THE PROBLEM: Of the lines in the data below, write out exactly those from the one holding "Newborns feet cradled" through the one holding "Doua chemari - Octav", both included.

INPUT DATA:

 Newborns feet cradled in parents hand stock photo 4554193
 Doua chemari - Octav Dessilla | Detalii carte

* * *

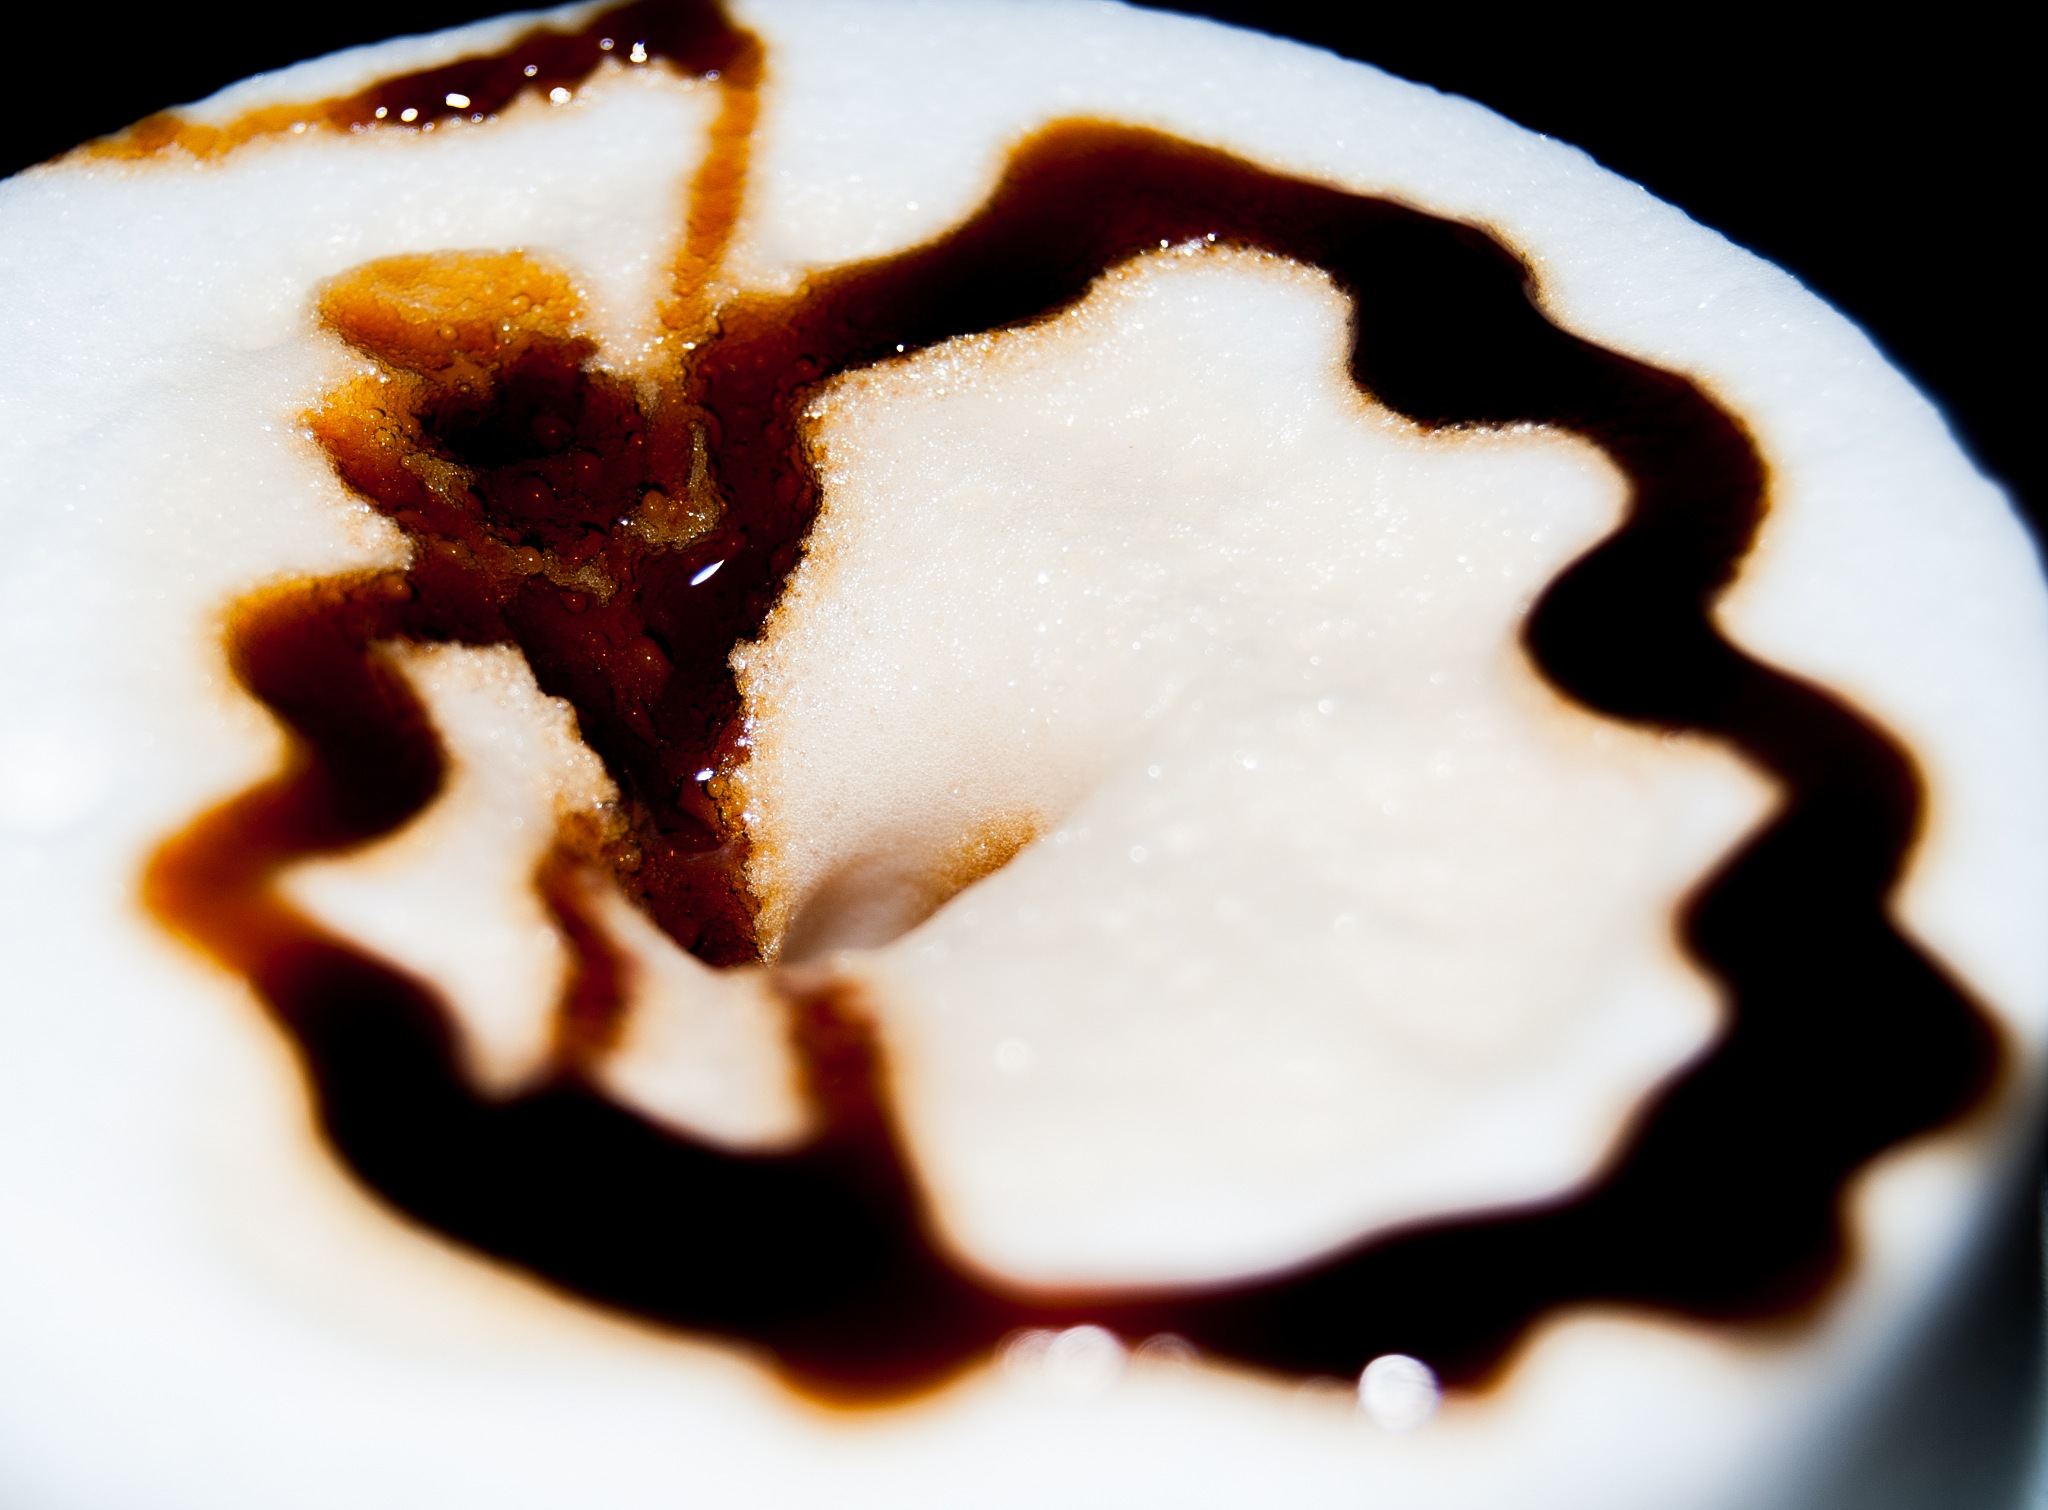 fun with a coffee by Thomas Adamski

--

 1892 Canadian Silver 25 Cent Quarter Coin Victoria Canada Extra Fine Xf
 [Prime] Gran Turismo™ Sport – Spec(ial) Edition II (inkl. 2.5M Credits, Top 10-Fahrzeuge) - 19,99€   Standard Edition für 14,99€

SOLUTION FOR THIS EXERCISE:
 Newborns feet cradled in parents hand stock photo 4554193
 Doua chemari - Octav Dessilla | Detalii carte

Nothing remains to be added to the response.